Gli spettatori possono restare affascinati dalla maschera diabolica del "mostro" che vedono sullo schermo, ma in realtà devono esorcizzare la paura che provano, e l'impatto è ancora più urticante se si percepisce dall'esterno, ad esempio nei fatti di cronaca reale. Anni fa potevamo obiettare certe perplessità sulla trilogia di Hannibal Lecter (separata dal pre-capolavoro di Micheal Mann, "Manhunter"), per l'ineffabile seduzione che esercitava sugli spettatori. Ma quanti di noi hanno potuto provare disprezzo per un nichilista tanto adorabile, quasi come fosse al di sopra degli altri nella sua giostra di morte?
"Non riesco ad affrontare i fatti, sono teso e nervoso. Non posso rilassarmi non dormo perché il mio letto è in fiamme. Non toccarmi, sono un vero filo elettrico"
Psycho Killer - Talking Heads
"The Iceman", il bel film di Ariel Vromen, ha un impatto completamento diverso. E tragicamente epico, quasi stoico nel tratteggiare la "normalità" di un assassino riuscendo a condensare la brutalità dei gangsters di Scorsese-De Niro alla follia di certi drammi Elisabettiani o Shakesperiani. L'effetto straniante è dovuto alle molteplici intuizioni del regista, che in fondo fa leva unicamente sul contesto morale.
La figura di Richard Kuklinski, uno dei più spietati criminali della storia, si avvale del volto e del ghigno sardonico di Micheal Shannon, abilissimo a smascherare la gelida dimensione del carnefice, ma con qualche forzatura scenica in più.
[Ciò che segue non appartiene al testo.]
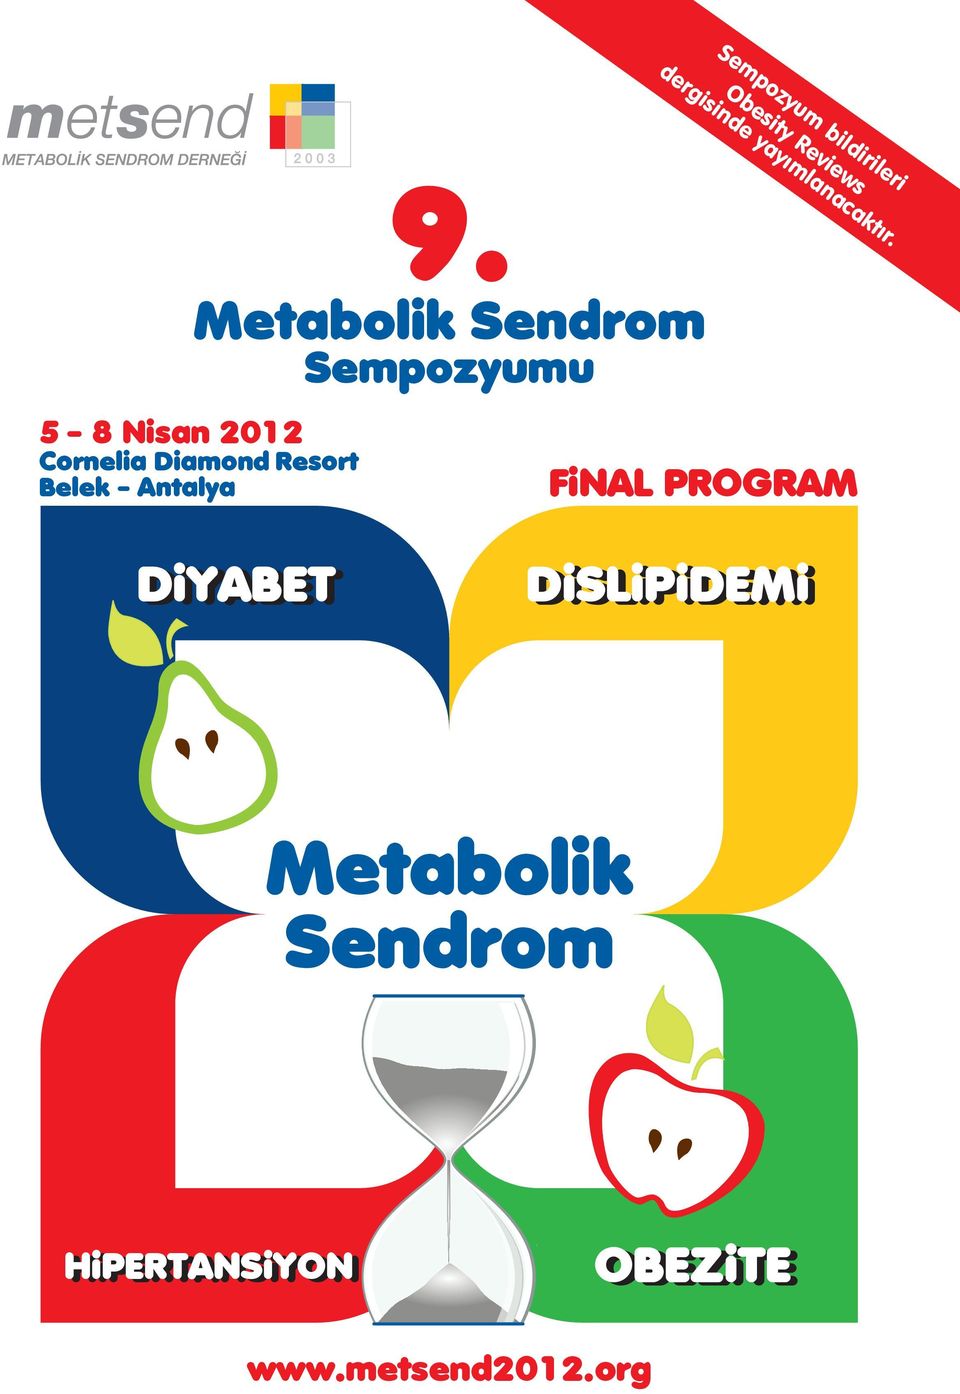 Metabolik Sendrom Sempozyumu 5-8 Nisan 2012 Cornelia Diamond

Se cercate sul motore di ricerca il volto del "vero" Kuklinski vi apparirà la faccia comune di un uomo ordinario, quasi come uno dei tanti self-made man che hanno vissuto e operato negli States. La vera "mostruosità" di K. Ci viene svelata poco dopo. Quest'uomo, inizialmente al servizio della mafia italo-americana, si è macchiato di circa 200 delitti, ma i particolari più raccapriccianti riguardano la sua "abilità" nel sbarazzarsi dei cadaveri. In certi casi, metteva una telecamera fissa - ah l'angustia legge del mezzo cinematografico, gli snuff movies sembrano roba da dilettanti al confronto - lasciando che i loro corpi venissero divorati dai topi. Usava ogni tipo di arma da fuoco o da taglio. Scopriva nel cianuro la possibilità di depennare totalmente una qualsiasi traccia temporale sull'ora del decesso. La denominazione di "Uomo di ghiaccio" deriva dal cadavere di una delle sue tante vittime, tenuto congelato per due anni in un frigorifero.
Il film di Vromen contrappone però la "normalità" del Male al Bene, dovendo però interrogarsi su altri fattori. Già l'inquietante doppia personalità di Micheal Shannon ne esce ridimensionata, visto che è di gran lunga più scoperta (e per questo meno inquietante, per quanto sembri paradossale) rispetto al "vero" Kuklinski. L'escalation di K. non diverge poi molto da quella di altre onorabili carriere di gangsters viste al cinema da Scorsese, Sarafian o Tarantino. Siamo quasi dalle parti di "Goodfellas", a cercare l'affidabilità del Potere criminale in mano a uomini che conoscono certo la sopraffazione e l'omicidio, ma senza troppe elucubrazioni mentali, in barba al sodalizio che sposa una crudele lucidità alla patologia mentale.
E per queste ragioni Micheal Kuklinski, l'uomo che sfrutta la malavita per le proprie ossessioni, è un psyco-killer atipico e interessante. Un individuo che scopre quanto la sua tipica attitudine criminale trovi libero sfogo nella violenza "su commissione". L'escalation di Kuklinski-.Shannon ha, nel film, il respiro classico di "Scarface" di De Palma, almeno quanto un omicidio dalla panchina di un parco che potrebbe vedere tranquillamente, al suo posto, il De Niro di qualche decennio fa.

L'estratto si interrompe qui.